Log in to the live AWS environment using the cloud_user credentials provided, and make sure you're in the us-east-1 (N. Virginia) region throughout the lab.

All the resources for this lab, including sample audio files to transcribe, can be found on GitHub.

Note: The main headers in this lab guide match up with the video titles, rather than the task titles.

Create an IAM Role for Step Functions

Upload Audio File to S3 Bucket and Check Lambda Function

  1. In a new browser tab, navigate to S3.
  2. Click to open the listed bucket.
  3. Upload the sample audio file provided with the lab (or another audio file on your machine, if you'd prefer).
  4. In a new browser tab, navigate to Lambda.
  5. Click the listed lab-lambda-transcribe function.
  6. Click the Monitoring tab. We should see some CloudWatch metrics populating.

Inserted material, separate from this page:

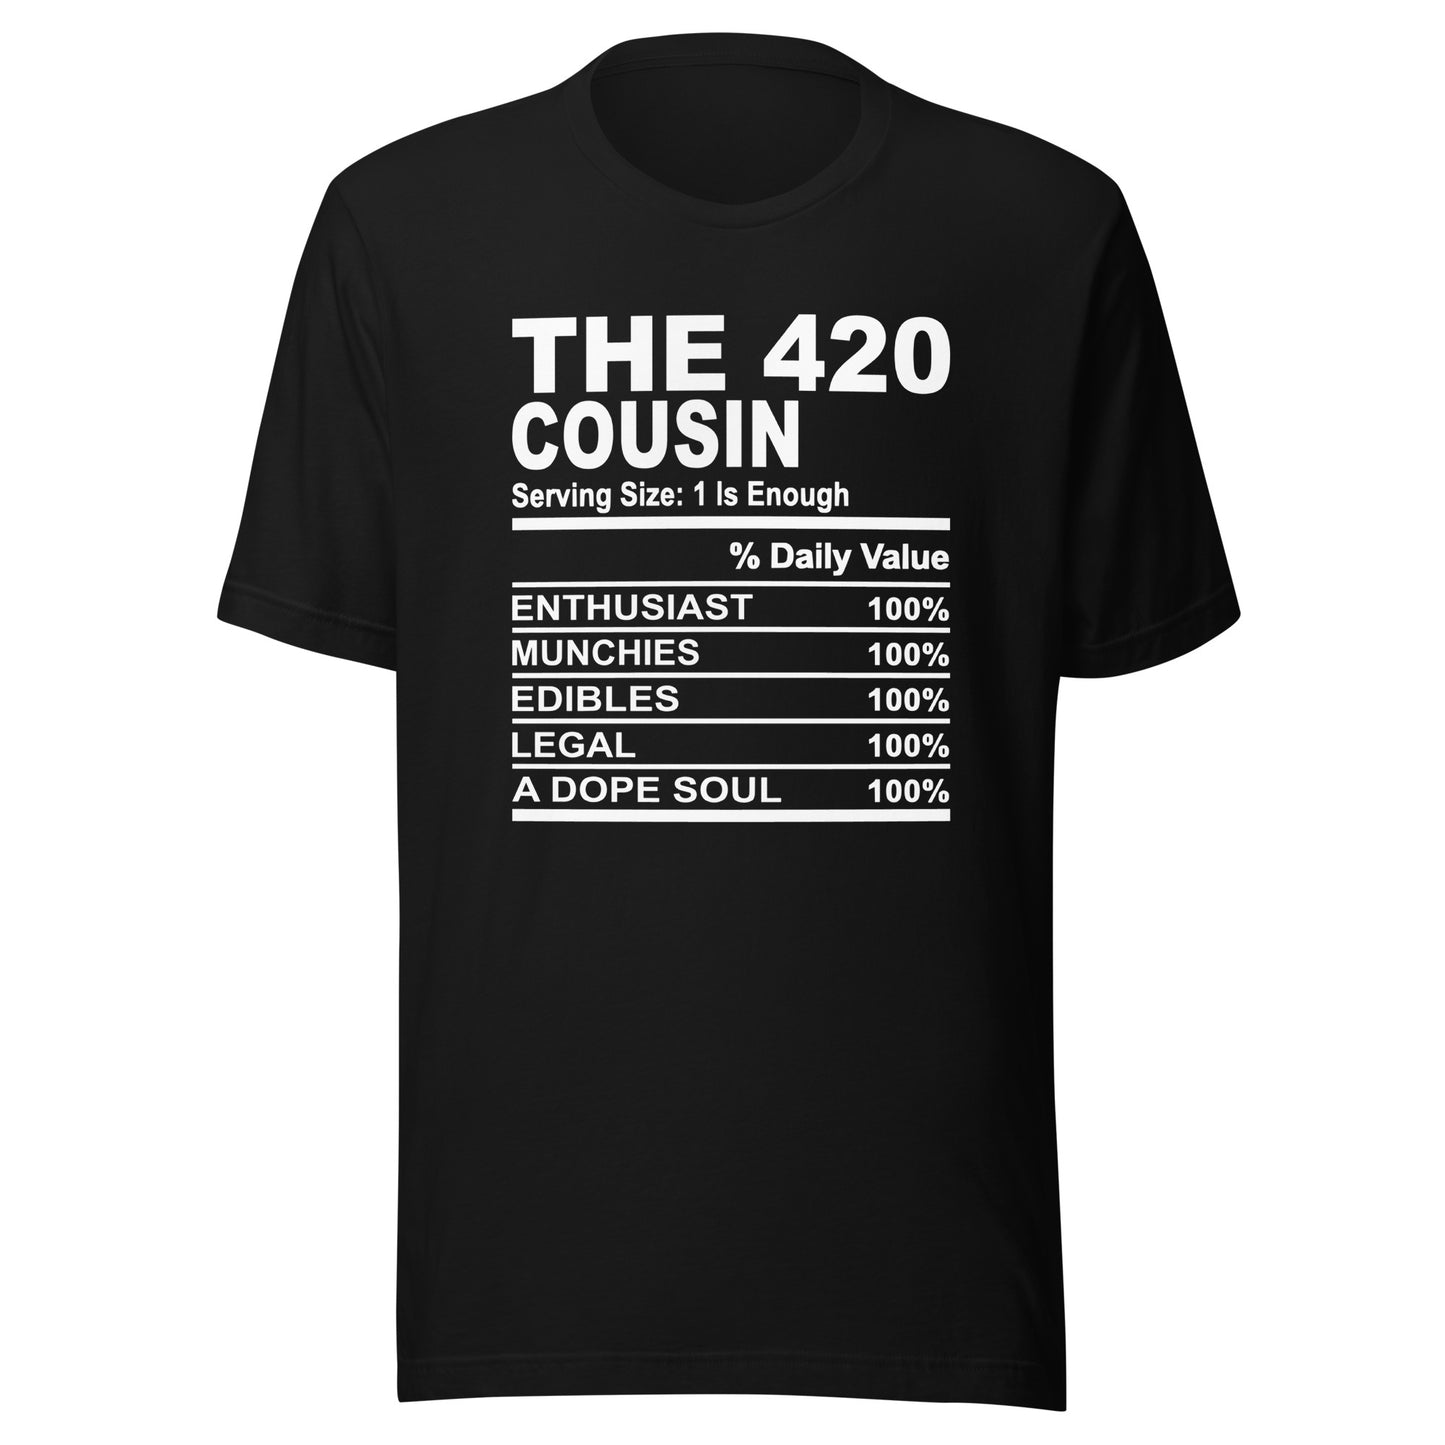 THE 420 COUSIN - 2XL-3XL - Unisex T-Shirt (white print)

Create an IAM Role for Step Functions

  1. In a new browser tab, navigate to IAM.
  2. Click Roles in the left-hand menu.
  3. Click Create role.
  4. Select Step Functions as the trusted entity.
  5. Click Next: Permissions.
  6. On the permissions policies page, confirm the automated policy selection AWSLambdaRole by selecting Next: Tags.
  7. Add the following tag:
    • Key: creator
    • Value: Enter your name.
  8. Click Next: Review.
  9. Enter a Role name of "lab-role-step-functions".
  10. Click Create role.

Create a Simple Step Functions State Machine

  1. In a new browser tab, navigate to Step Functions.
  2. Click Get started.
  3. Select Author with code snippets.
  4. In the Details section, give it a Name of "lab-step-functions".
  5. Leave the State machine definition as-is for now.
  6. Click Next.
  7. Under IAM role for executions, select Choose an existing IAM role.
  8. Select I will use an existing role.
  9. In the Existing IAM roles dropdown, make sure lab-role-step-functions is selected.
  10. Click Create state machine.
  11. Once it's created, copy the listed ARN and paste it into a text file. We'll need it in a few minutes.

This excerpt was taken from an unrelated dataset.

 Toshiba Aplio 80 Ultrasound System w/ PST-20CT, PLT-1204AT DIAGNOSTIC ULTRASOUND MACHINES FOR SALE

Create an IAM Role and Lambda Function

Create IAM Role

  1. Back in the IAM console tab, click Create role.
  2. Select Lambda as the trusted entity.
  3. Click Next: Permissions.
  4. On the permissions policies page, search for (in the Filter policies box) and select each of the following managed policies:
    • AWSStepFunctionsFullAccess
    • CloudWatchLogsFullAccess
  5. Click Next: Tags.
  6. Add the following tag:
    • Key: creator
    • Value: Enter your name.
  7. Click Next: Review.
  8. Enter a Role name of "lab-role-lambda-step-trigger".
  9. Click Create role.

Create Lambda Function

  1. Back in the Lambda console tab, navigate back to Functions.

  2. Click Create function.

  3. Make sure the Author from scratch option at the top is selected, and then use the following settings:

    • Function name: lab-lambda-step-trigger
    • Runtime: Python 3.6
  4. Expand Choose or create an execution role, and set the following values:

    • Execution role: Use an existing role
    • Existing role: lab-role-lambda-step-trigger
  5. Click Create function.

  6. In the Function code section, delete the boilerplate code and paste in the following (also found on GitHub:

    import boto3
    import os
    import json
    
    stepfunctions = boto3.client('stepfunctions')
    
    def lambda_handler(event, context):
    
        bucket = event['Records'][0]['s3']['bucket']['name']
        key = event['Records'][0]['s3']['object']['key']
    
        input = {
            "Bucket" : bucket,
            "Key": key
        }
    
        response = stepfunctions.start_execution(
            stateMachineArn=os.environ['STATEMACHINEARN'],
            input=json.dumps(input, default=str)
        )
    
        return json.dumps(response, default=str)
  7. Click Save.

  8. Scroll down under the function code, and create an environment variable:

    • Key: STATEMACHINEARN
    • Value: Paste in the ARN of the state machine you copied a few minutes ago.
  9. Click Save.

Update the S3 Trigger to Call the Lambda Trigger Function

  1. In the S3 console tab, click to open the input-... bucket (if you aren't already in the bucket from earlier).
  2. Click the Properties tab.
  3. Click the Events card.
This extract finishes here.